### What the exercise asks
Every line below is to be given again precisely; images are to be left out.

### Source data
--------------------------------------------------
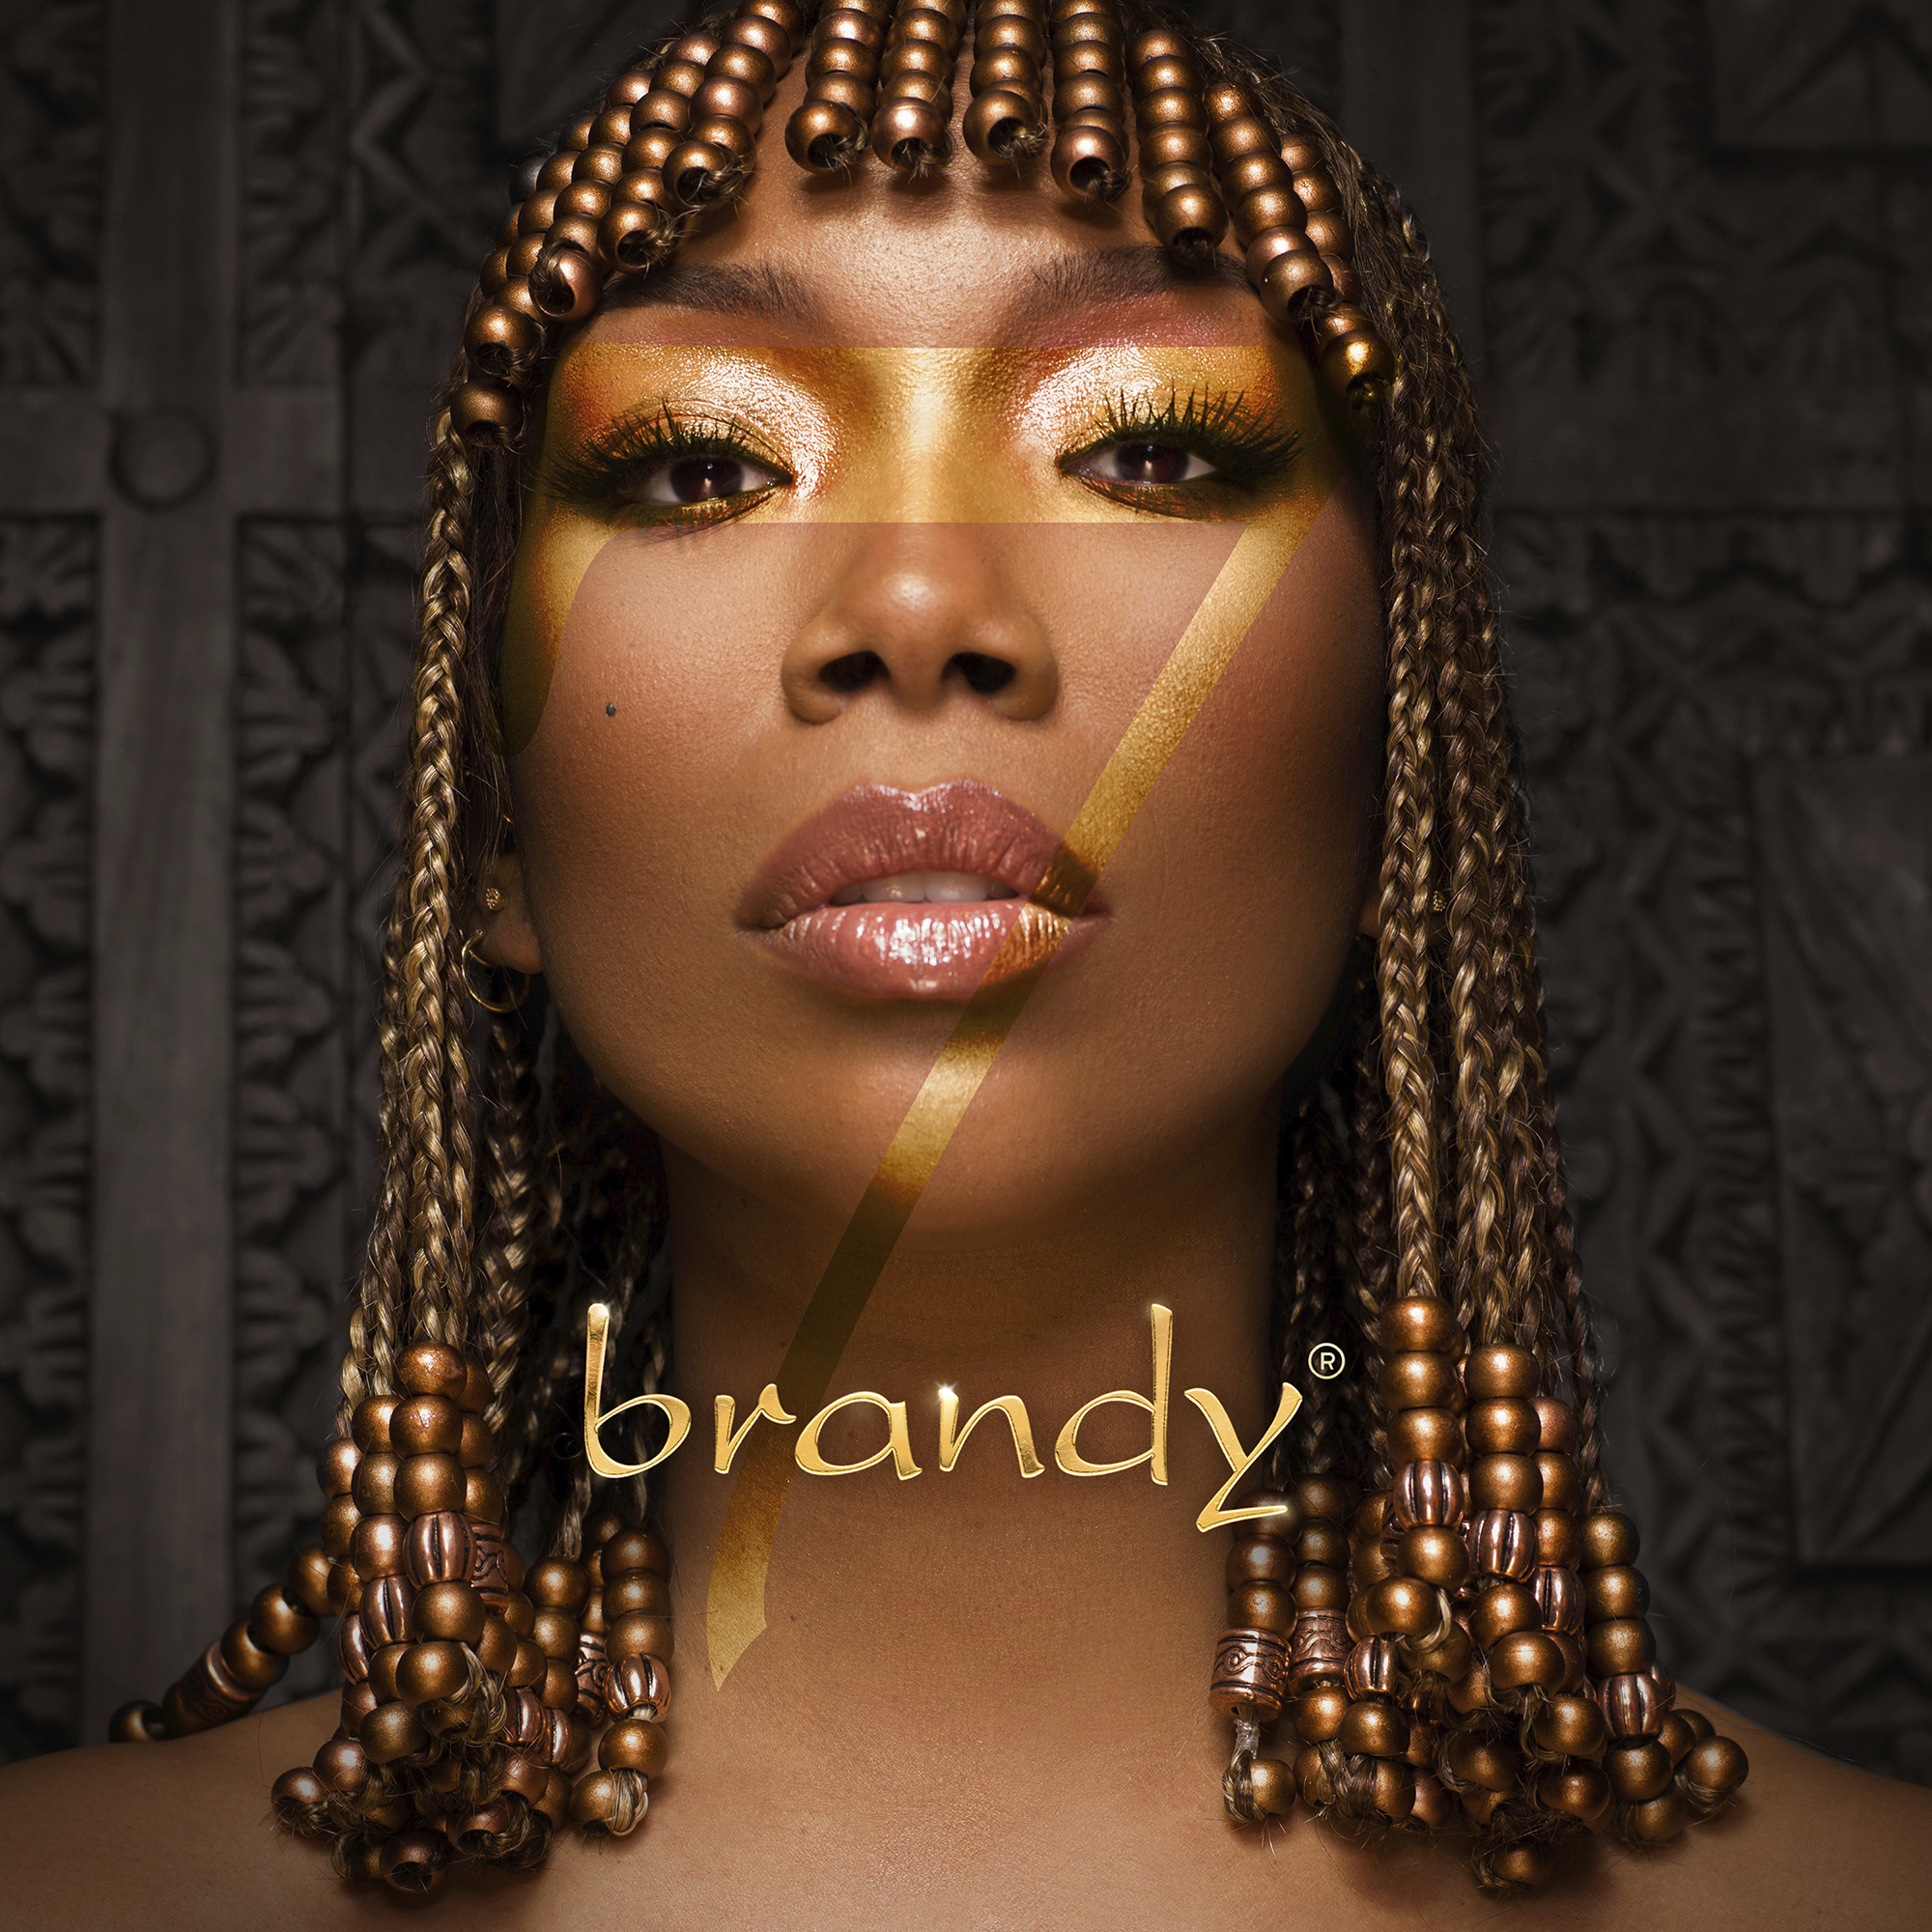 Brandy, Dose of sultry, R&B comeback, LP B7, 2000x2000 HD Handy
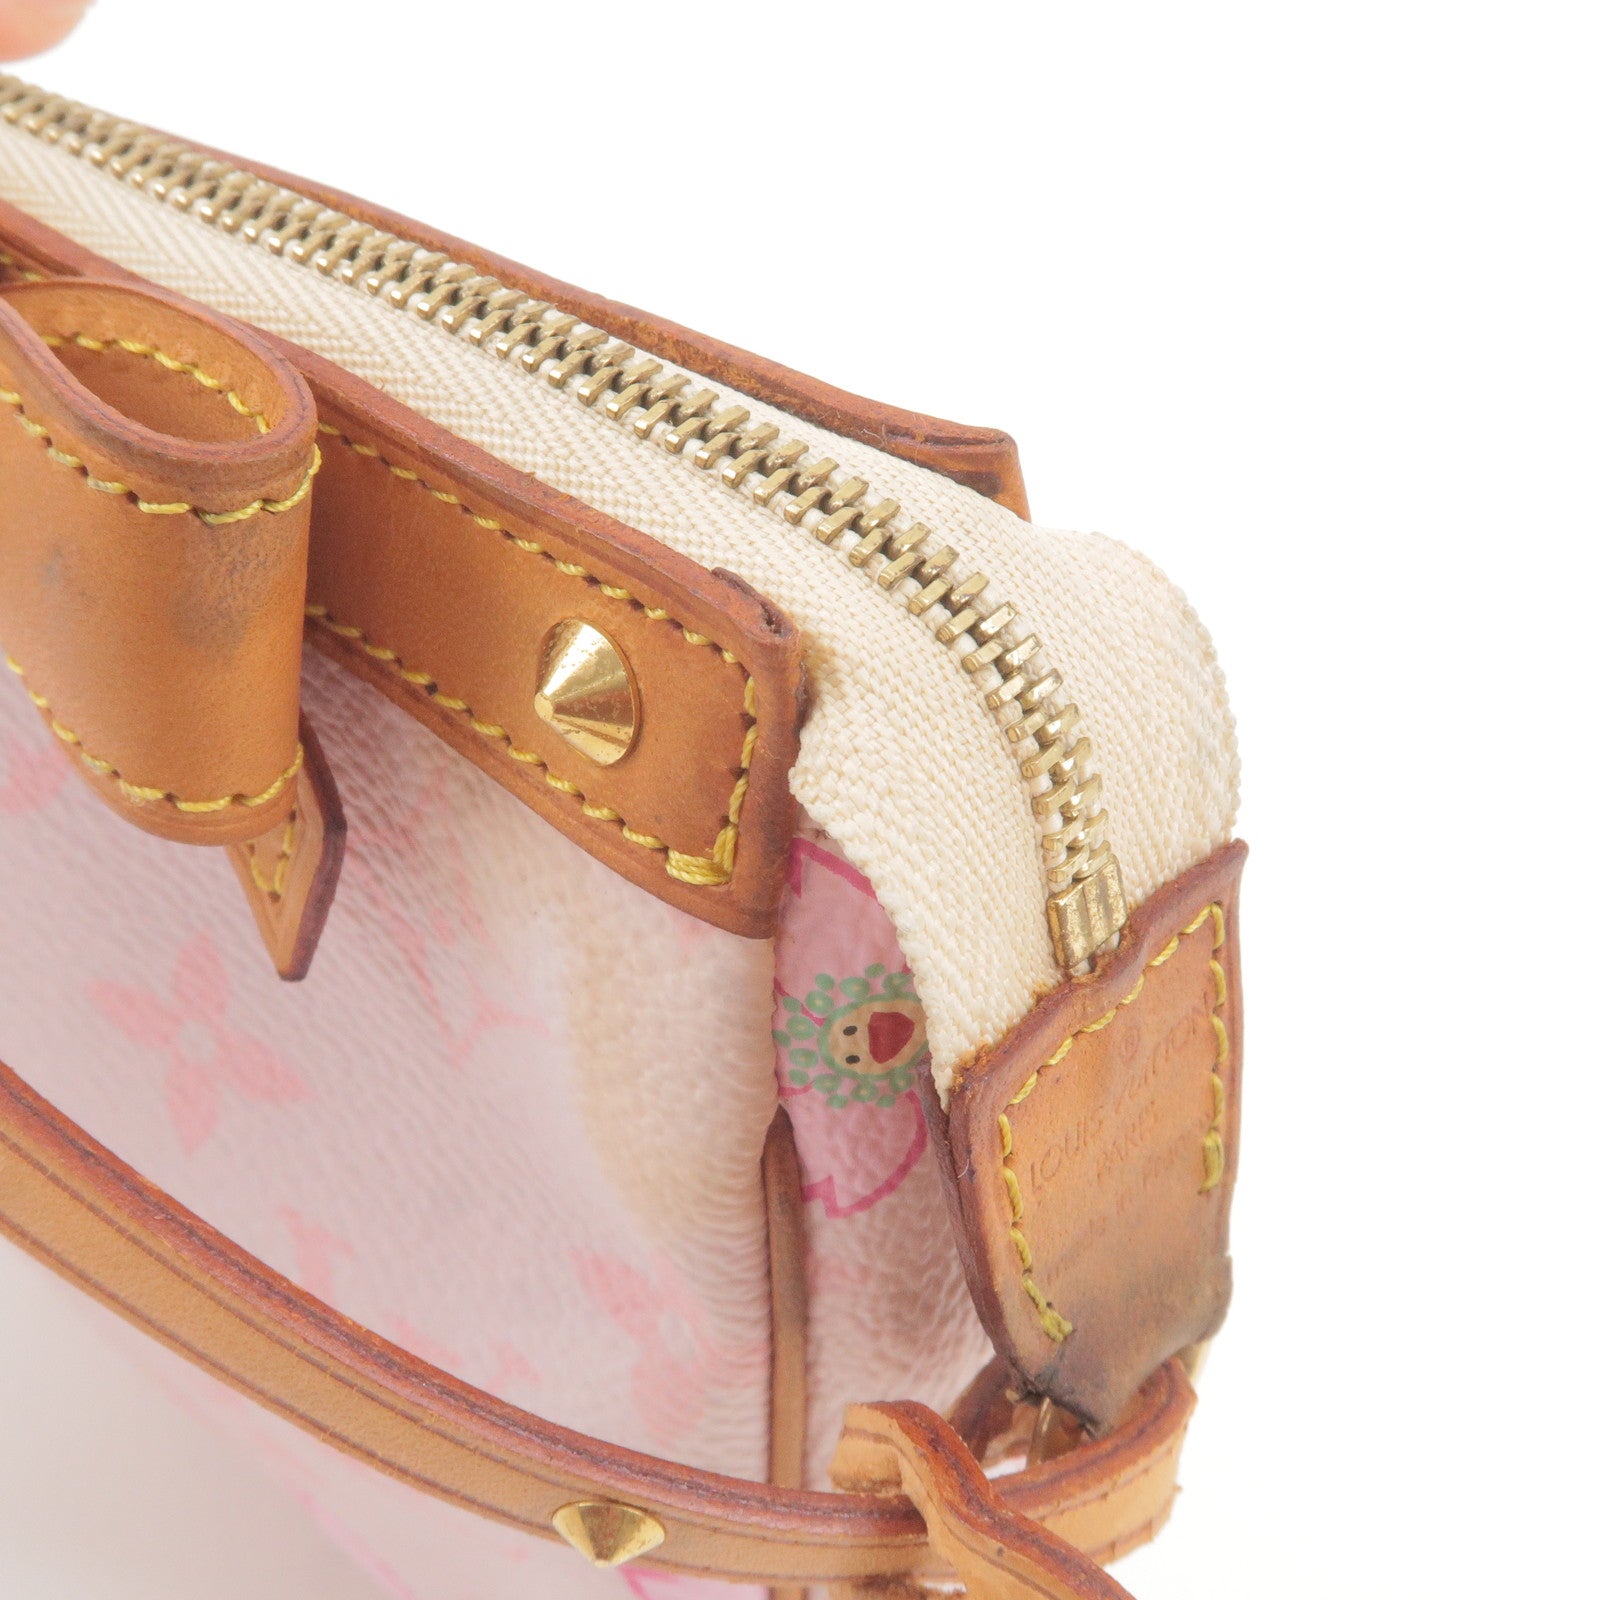 Louis - Accessoires - Louis Vuitton Damier Azur Neverfull Tote - Vuitton -  M92007 - Blossom - Cherry - Pochette - ep_vintage luxury Store - Pink – dct
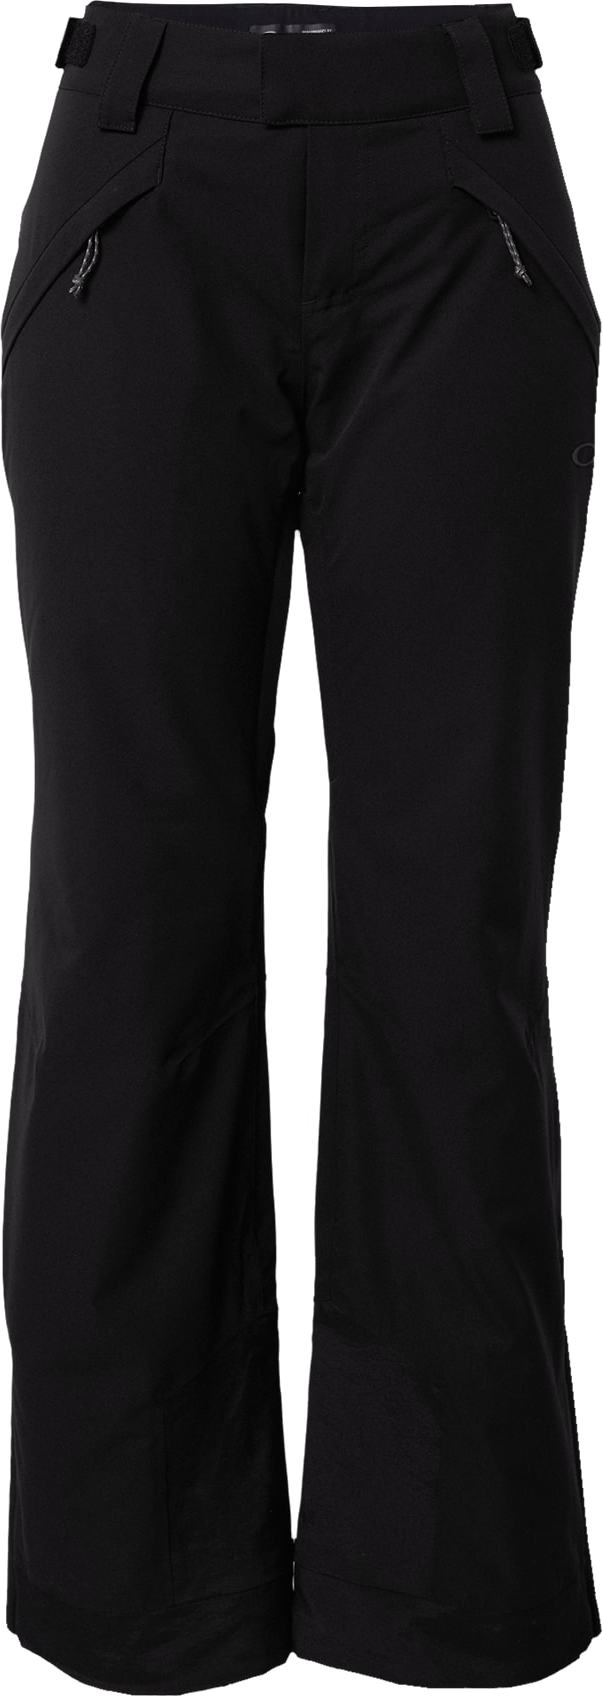 OAKLEY Outdoorové kalhoty 'IRIS' černá
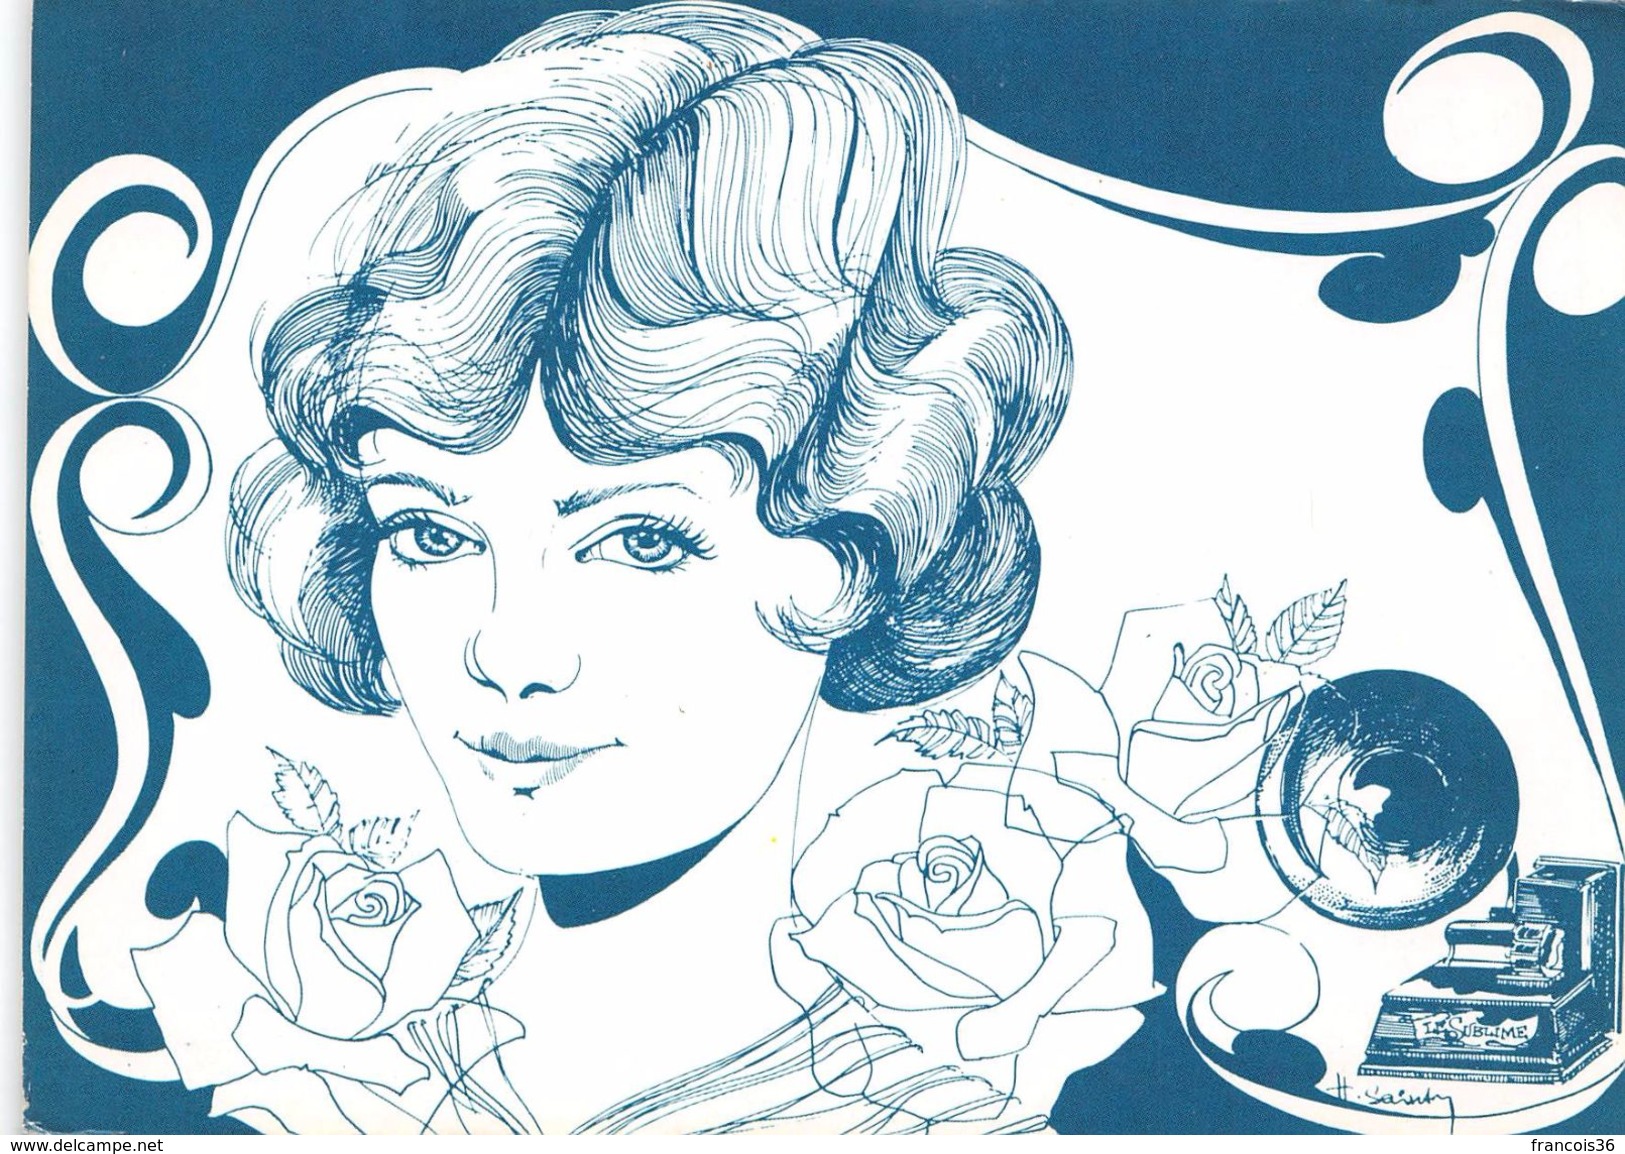 Lot de 14 cartes - Art Nouveau - romantisme beauté féminine - illustrations
--------------------------------------------------
### Response to the exercise
 Brandy, Dose of sultry, R&B comeback, LP B7, 2000x2000 HD Handy
 Louis - Accessoires - Louis Vuitton Damier Azur Neverfull Tote - Vuitton -  M92007 - Blossom - Cherry - Pochette - ep_vintage luxury Store - Pink – dct
 OAKLEY Outdoorové kalhoty 'IRIS' černá
 Lot de 14 cartes - Art Nouveau - romantisme beauté féminine - illustrations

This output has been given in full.